Location
- Country: United States
- State: Alaska
- Borough: North Slope Borough

Physical characteristics
- • location: East of Sagwon, Alaska
- • coordinates: 69°21′38″N 147°33′33″W﻿ / ﻿69.3605°N 147.5591°W
- • location: Beaufort Sea (Arctic Ocean)
- • coordinates: 70°12′26″N 147°36′27″W﻿ / ﻿70.2073°N 147.6076°W
- • elevation: 0 ft
- Length: 65 mi (104 km)
- Basin size: 500 sq mi (1,290 km^{2})

= Kadleroshilik River =

River in Alaska, United States

The Kadleroshilik River is a 104 km stream in the North Slope Borough of the U.S. state of Alaska.
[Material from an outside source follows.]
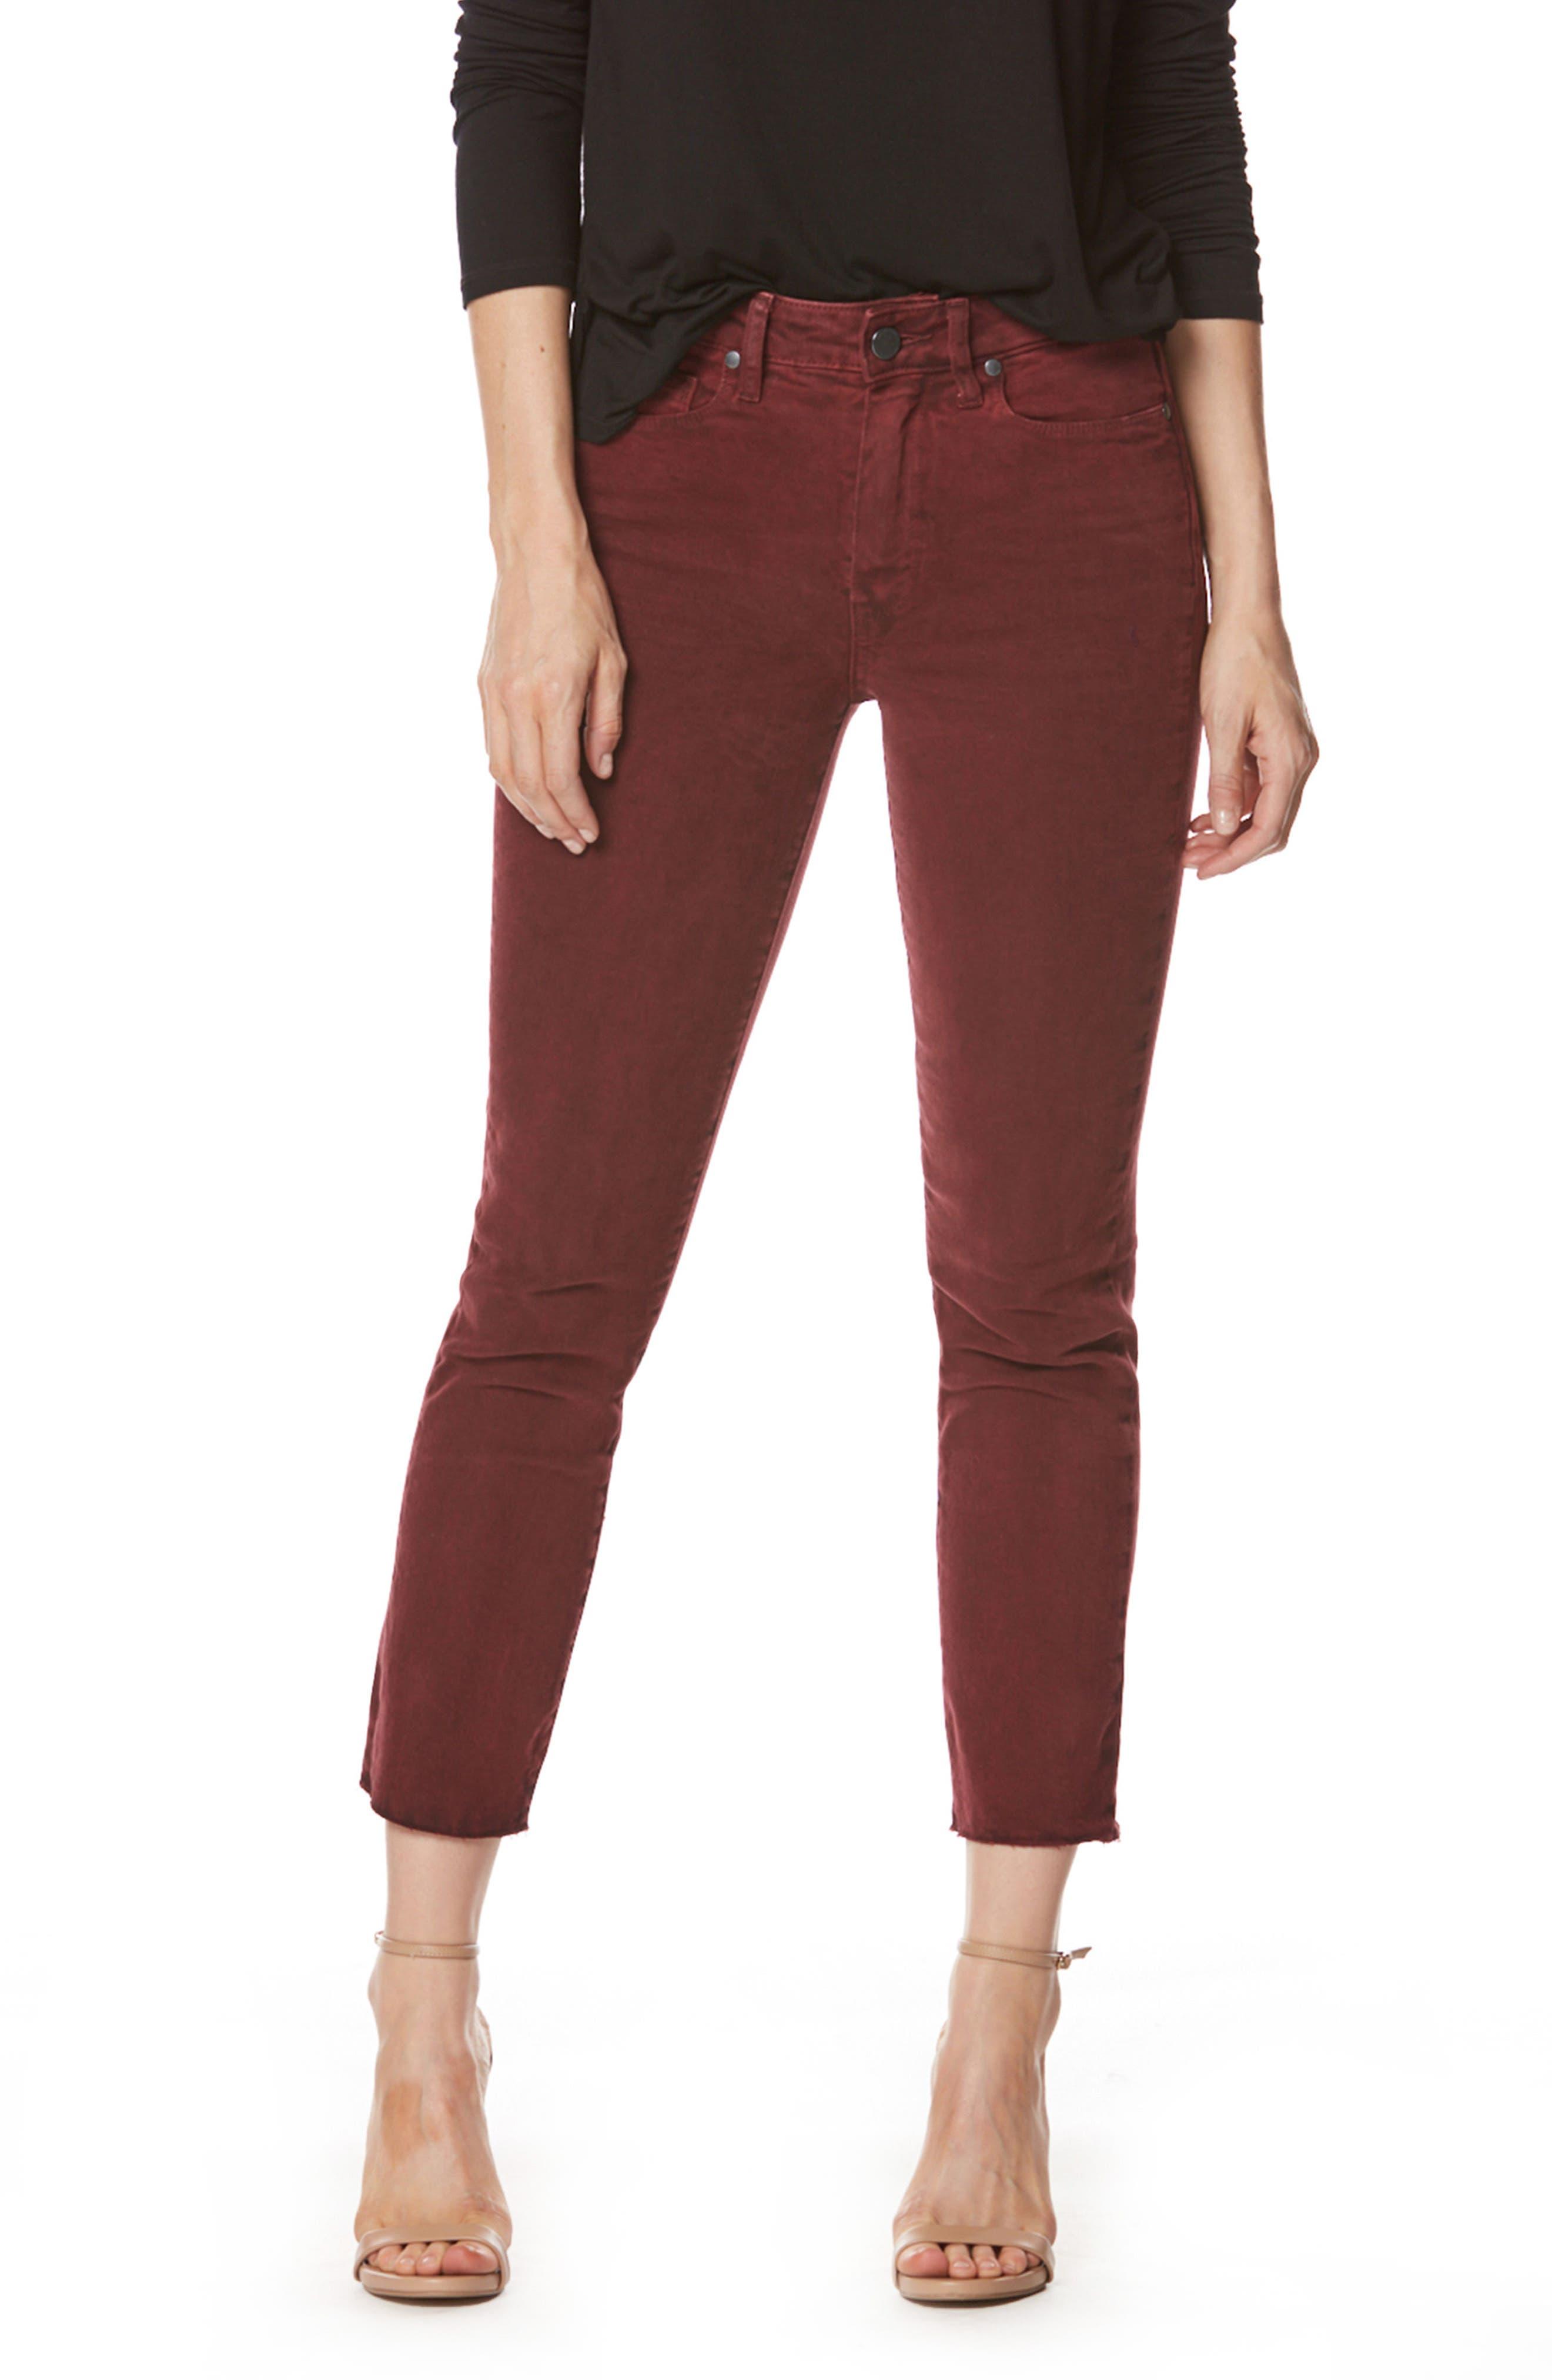 Alternate Image 1 Selected - PAIGE Jacqueline High Waist Crop Straight Leg Jeans

Flowing south to north, it empties into Foggy Island Bay in the Beaufort Sea, about 20 mi east of Prudhoe Bay. It was named by Ernest de Koven Leffingwell for the nearby Kadleroshilik Pingo, the highest known pingo in the world, which Leffingwell also named.

A fish study conducted by the Alaska Department of Fish and Game in 1995 reported Arctic grayling (Thymallus arcticus), Dolly Varden trout (Salvelinus malma), and ninespine stickleback (Pungitius pungitius) in the river. An earlier study had also reported the presence of slimy sculpin (Cottus cognatus).